Showing posts with label art photography. Show all posts
Showing posts with label art photography. Show all posts

Sunday, March 30, 2014

Tango Embrace


THE DREAM speaks . . . sings, flows, is air, is water, flux. I am in it and witness, play along as an actor on it’s stage. I am audience to my performance as well—yet I only long for the place of unfolding—not the witnessing, but the unfolding. What is it then to unfold and witness at the same time?
Can moments be slowed? Slowed into singularity so that only one time exists? Cessation of separation, to realize that sleep, waking, work, rest, play, happiness, sadness, success, failure, male-female, God, human, animal, plant,—all are unified in the borderless regions of oneness. -Written from Buenos Aires, Argentina, March 2010

"Tango Passion"
What is Buenos Aires without tango? The night I visited Cafe Tortoni, I went for tango. The Cafe is a classic Parisian style affair, with high ceilings, chandeliers, glistening tile floors, lacquered wooden tables and chairs, and artwork covering the walls. I went right by all this and straight downstairs, into a small dark cavern with tables and a stage. My eyes adjusted to the dark and I could see shadowy silhouettes of people seated, and soon, musicians came to take their positions besides the stage, and begin making the familiar, haunting, chords of tango music. The stage had a backdrop of a cafe, and the dancers arrived, in pairs. The area was small enough to feel intimate, and as if the spectacle was unfolding among friends gathered privately for a night of revelry.

I had my camera, and amid the strident song notes striking the chords of longing and pathos in everyone's hearts, and the stage smoke filtering the colored lights as the dancers strode, strutted, and twirled together, I took pictures.

"Tango Embrace"
Since then, I have sold my images from that evening, as prints and large scale mixed-media pieces. One has appeared on the cover of a french language novel.
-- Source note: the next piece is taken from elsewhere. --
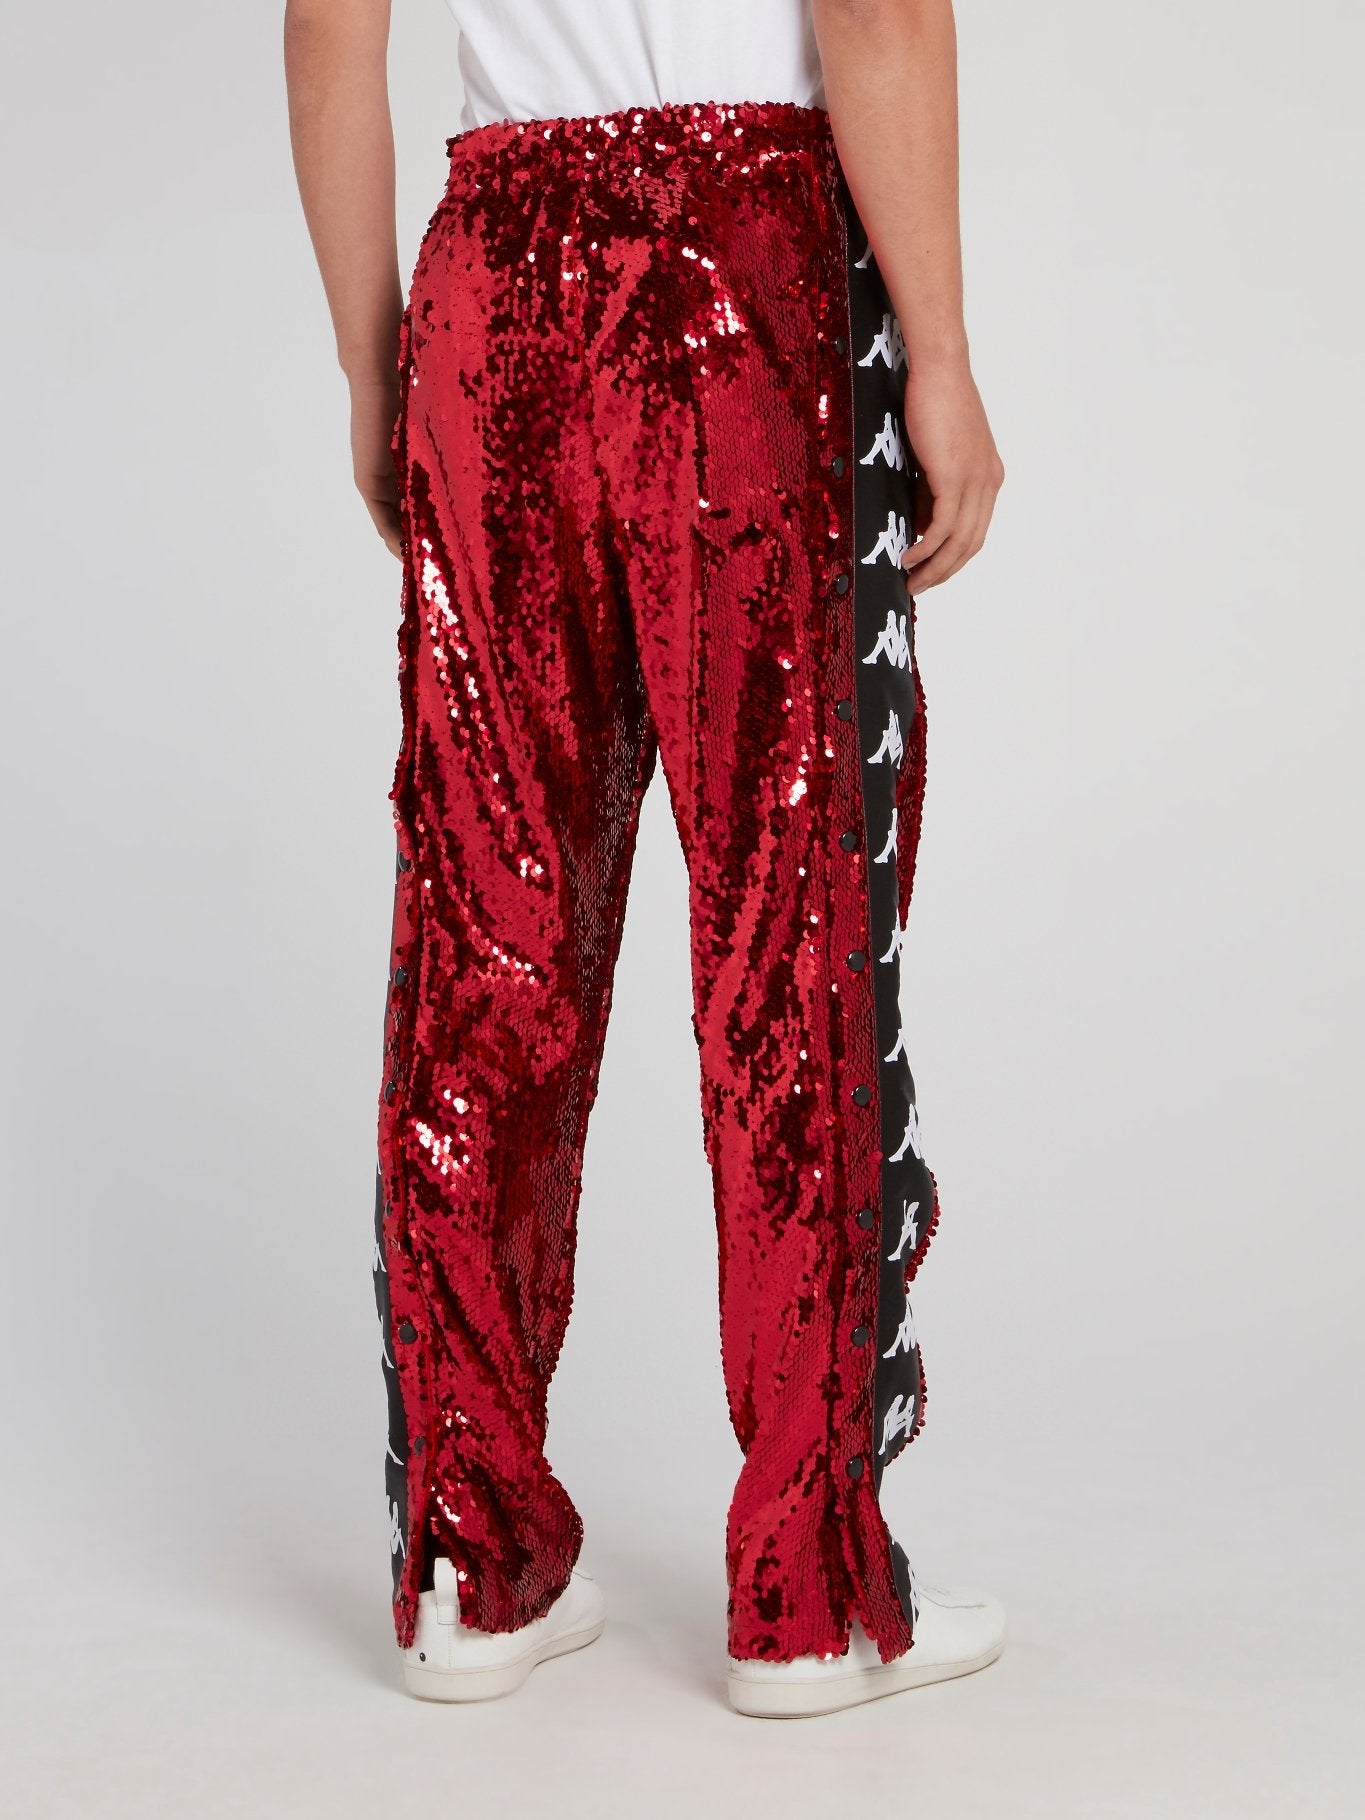 Mauve At redigere indeks Kappa Red Sequin Pants – Maison-B-More Global Store
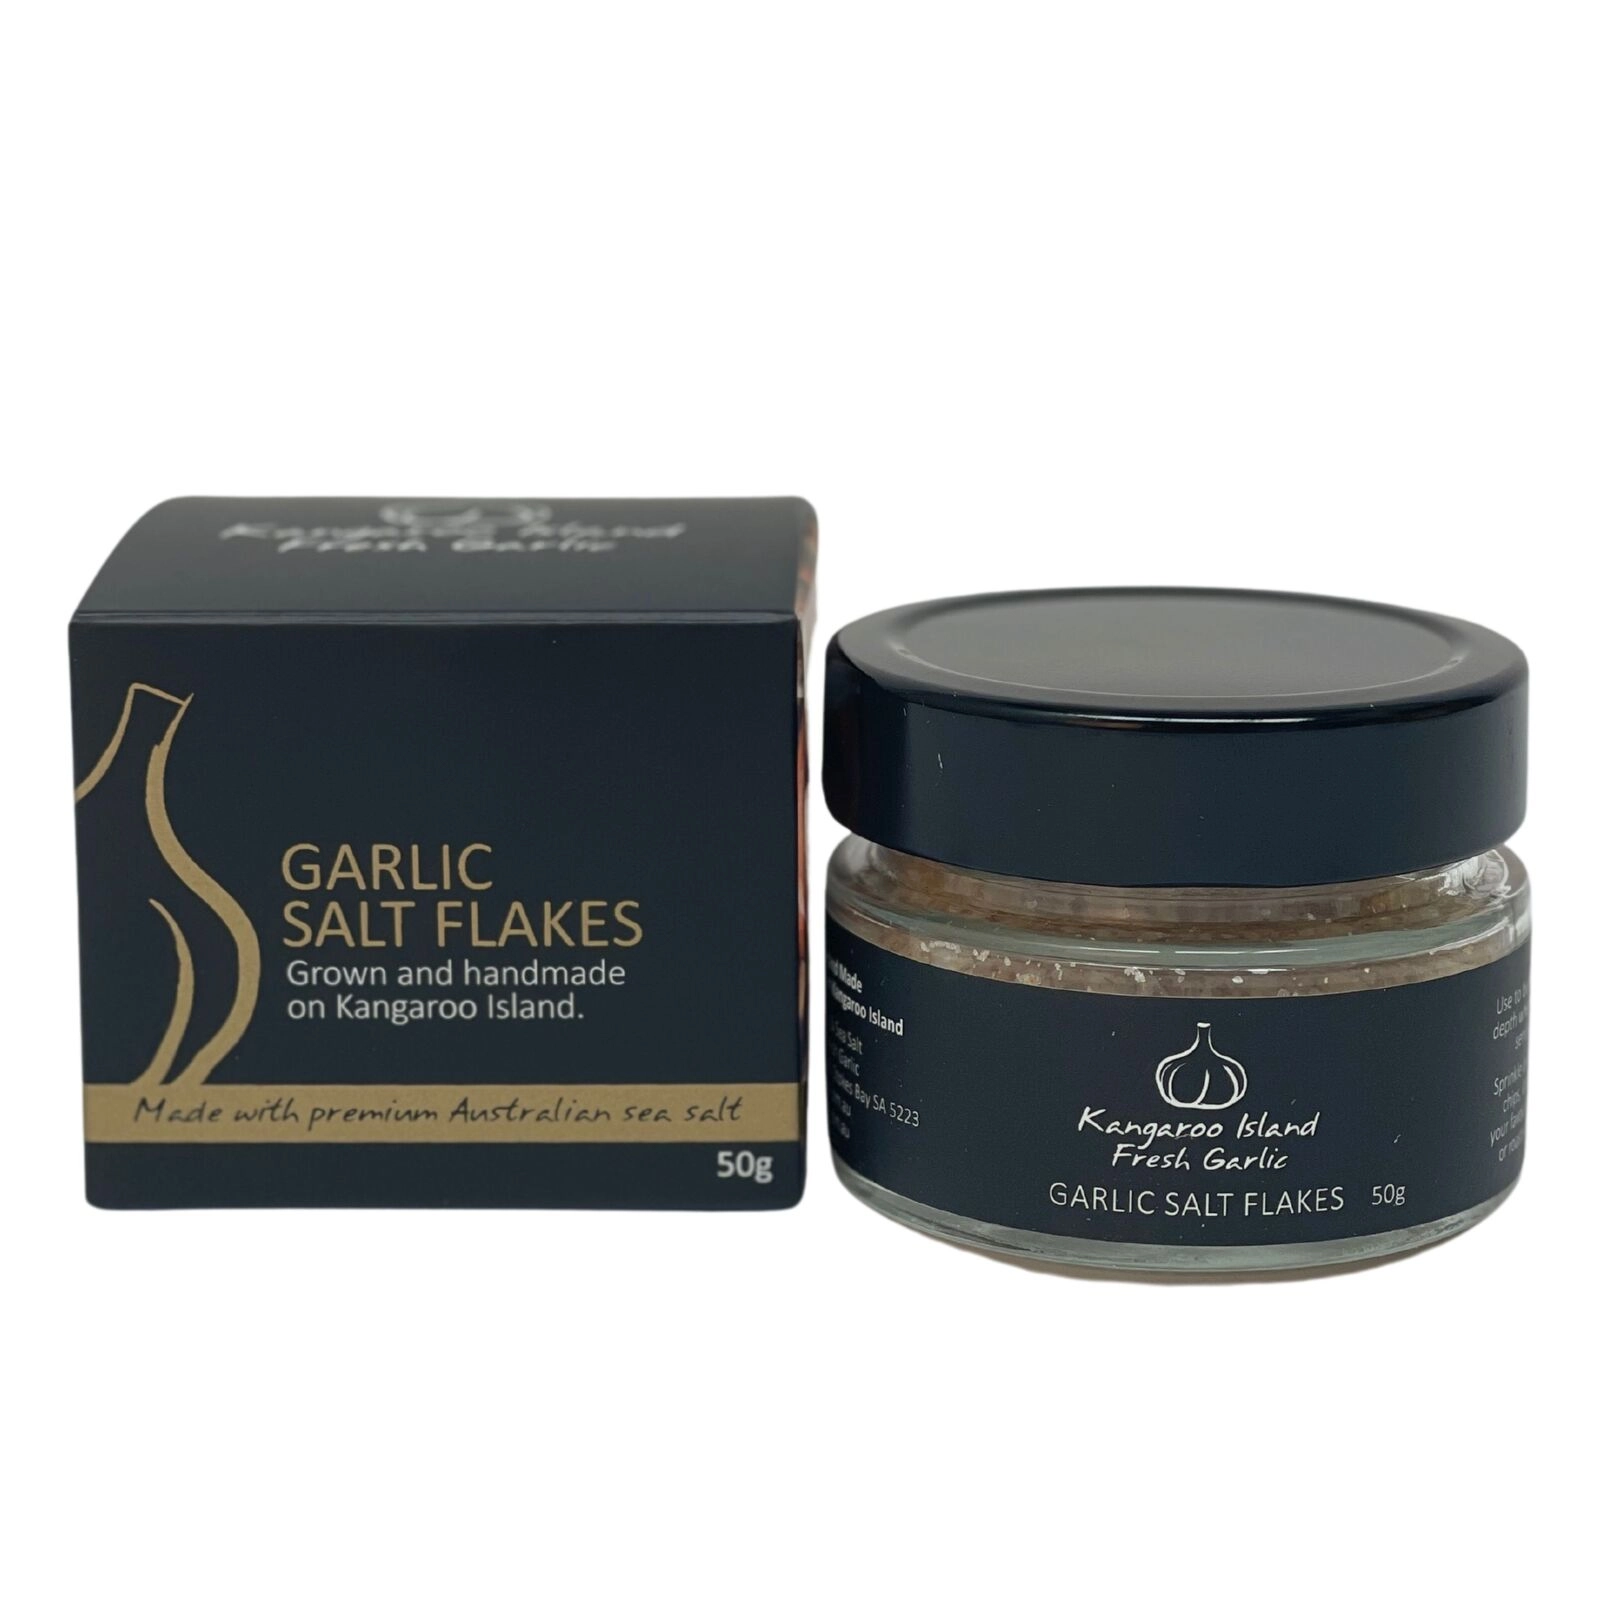 Kangaroo Island Fresh Garlic Garlic Salt Flakes (50g)

The Steven Boone Gallery sold a large mixed-media piece today, called Tango Flair, and this is what inspired my blog today.

"Tango Flair"

Sunday, November 04, 2012

Juxtapose

"Quantum Of Solace" Kolkatta, India
Here is a word that is not often used but ubiquitously seen: juxtapose. It means to place together and contrast two or more separate phenomenon. Juxtapositions are everywhere, e.g. the position of the sun relative to the horizon, the temperature inside as different from outside, a fat person standing next to a skinny one, or an old person holding a newborn child. In the arts, juxtaposing brings drama to work. A bright landscape painting is made more thrilling with dark shadows, music is deeper with climactic surges mixed with interludes of softer passages, and theater is fuller when humor and sadness both enter the stage.
"Tango Passion",  Mixed-media

Juxtaposition can be embarrassing and detrimental as well. We see this in current political campaigns, where one candidate proclaims himself as good and points to the other nominee in contrast, as bad. Class prejudice is built upon juxtaposing of extremes of wealth and poverty.

I use juxtaposition in my art and photography to bring drama and surprise to the work. While I was traveling and making my street photography, I often sought stark juxtapositions, such as setting my camera up and focusing on interesting walls so that people walking in front of me became blurred while passing by. In the photo I am showing here, an innocent oriental child, dressed in her native attire, stands in contrast to a violent western poster proclaiming an action movie. The dissimilarity adds to the intrigue and drama of the picture.

In my tango images, drama comes from juxtaposing stark light with the tension of male and female interaction that is intimate and ritualistic.

Juxtaposition gives us reference and allows our imaginations to soar.